Sabina Bhasin
Sabina Bhasin (she/her) is a therapist at Serengeti Wellness, supporting children (4+), teens (16+), adults, and couples through a culturally affirming, identity-focused lens. Her work draws from Narrative Therapy, Relational-Cultural Therapy, and mindfulness-based practices, while integrating trauma-informed, somatic, and strengths-based approaches.
Between Worlds: How Growing Up Multicultural Shapes My View of Healing
Translating the Unspoken
Growing up between cultures — and by that, I mean finding my own identity while simultaneously toggling between languages, expected values, traditions, and unspoken rules — required learning to translate not just two social norms and languages, but also emotions through different lenses. It was an education in nuance before I even knew the word.
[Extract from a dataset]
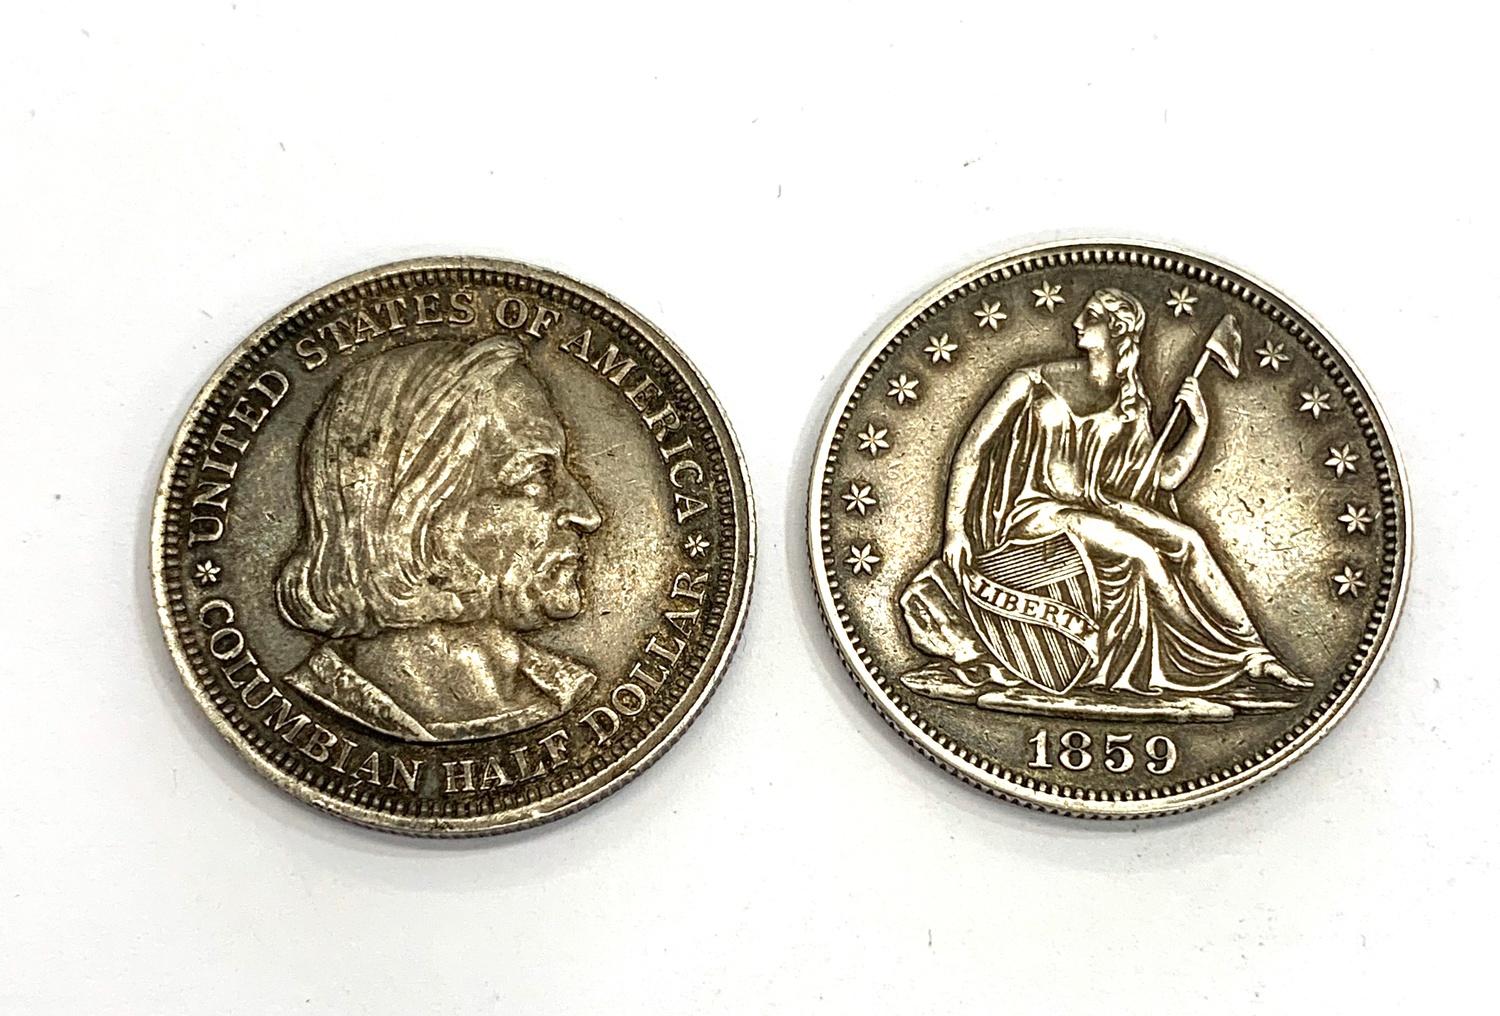 2 Antique silver USA half dollars 1893 worlds Columbian exposition Chicago and 1859 half dollar - Image 2 of 2
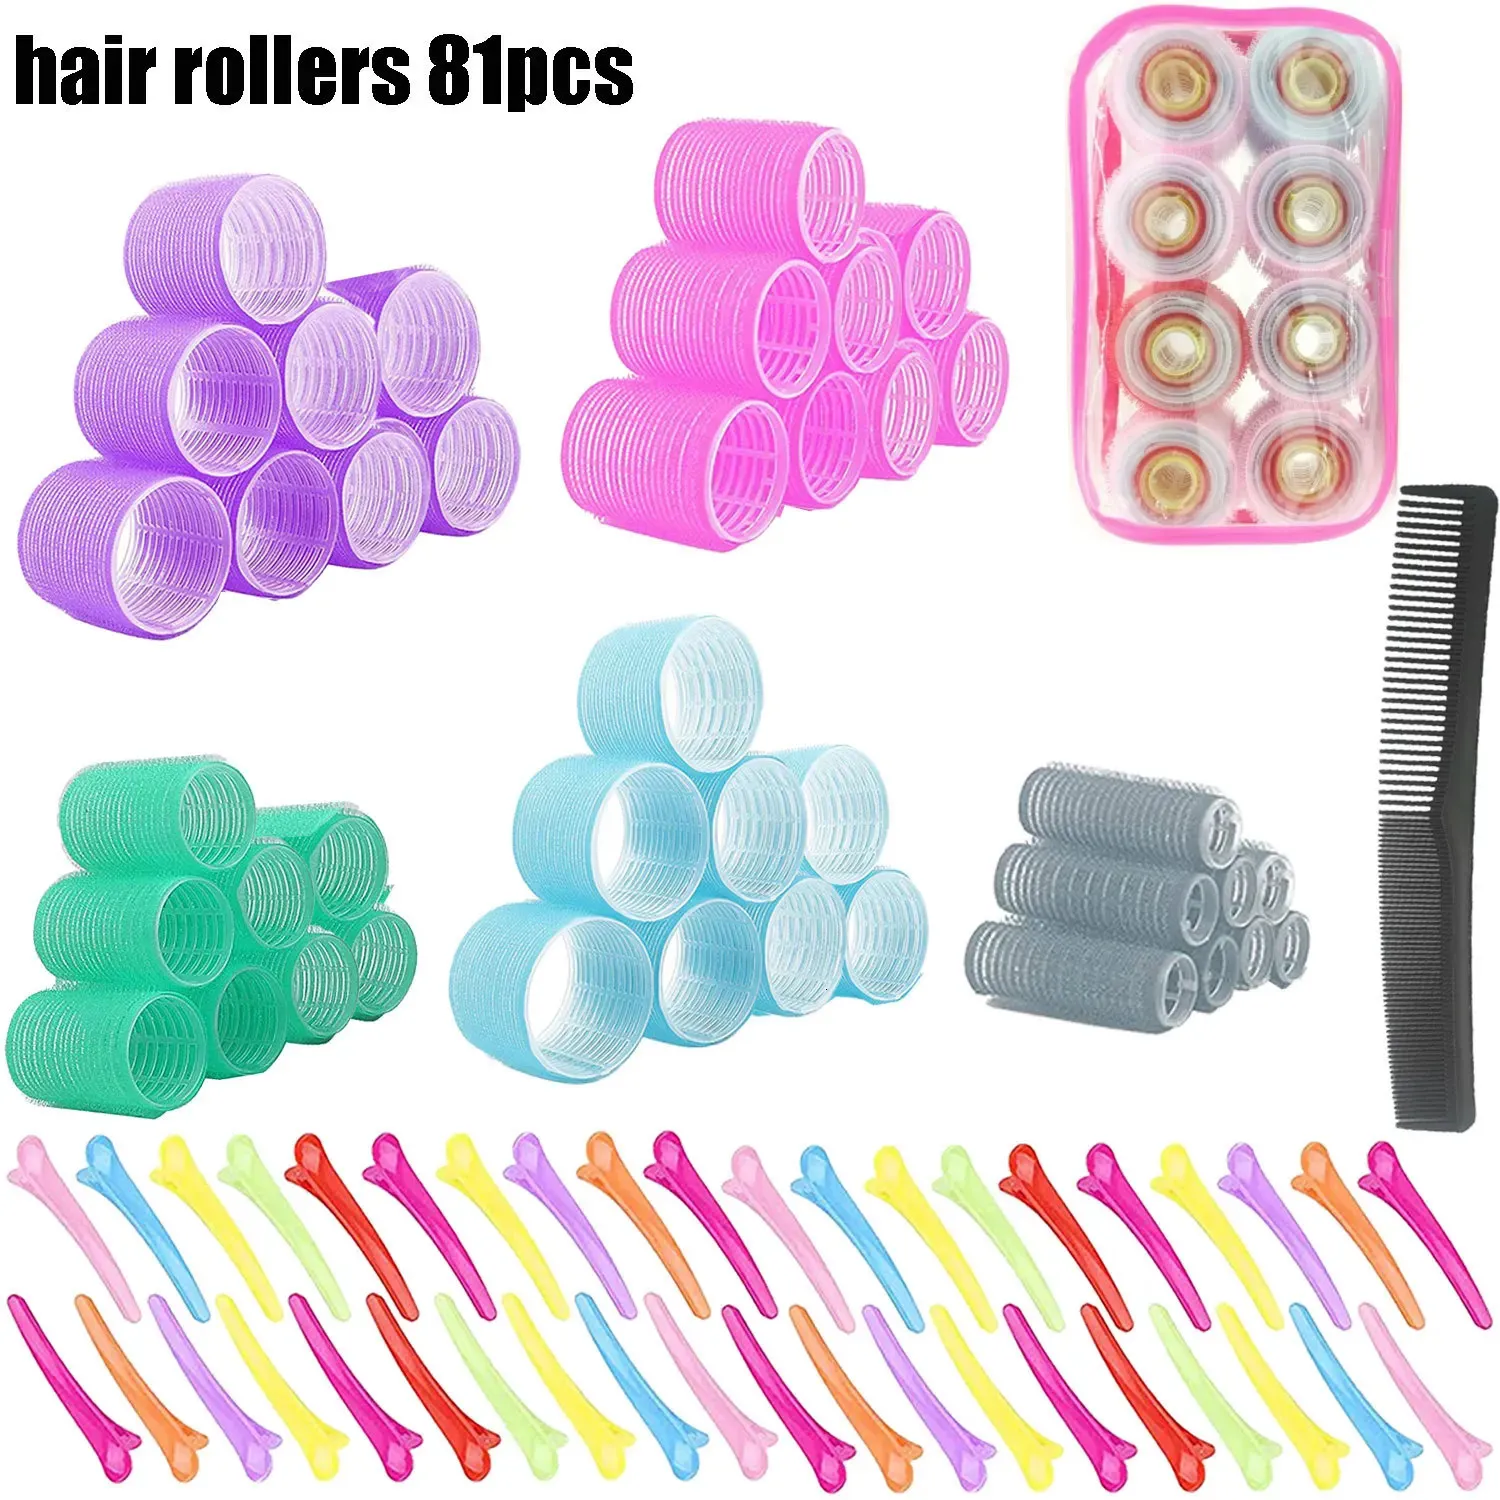 81Pcs Self Grip Hair Rollers Set Jumbo Size Hair Curlers Salon Hairdressing DIY Curling Hairstyling Tool with Comb Clips 240117

These early lessons became my foundation for forming and maintaining genuine connections. They taught me to listen for the unspoken, notice how people carry tension in their bodies, or mask grief with humor. But more than anything, they sparked a deep curiosity about human behavior—how we love, hurt, grieve, and build communities—and how culture influences all of that.
Today, as a provisional psychotherapist, curiosity truly drives everything I do.
From Storytelling to Healing
Before I ever sat in a therapist’s chair, I was a storyteller—working as a journalist and creative director, always hunting for meaning through words and images. Looking back, I realize I was already doing a kind of therapy; after all, everyone has a story to tell, but not always someone to hear it, and I love being that person. Every story I said, wrote, heard, and honored was always about supporting what people need and crave: belonging, understanding, fulfillment, and peace.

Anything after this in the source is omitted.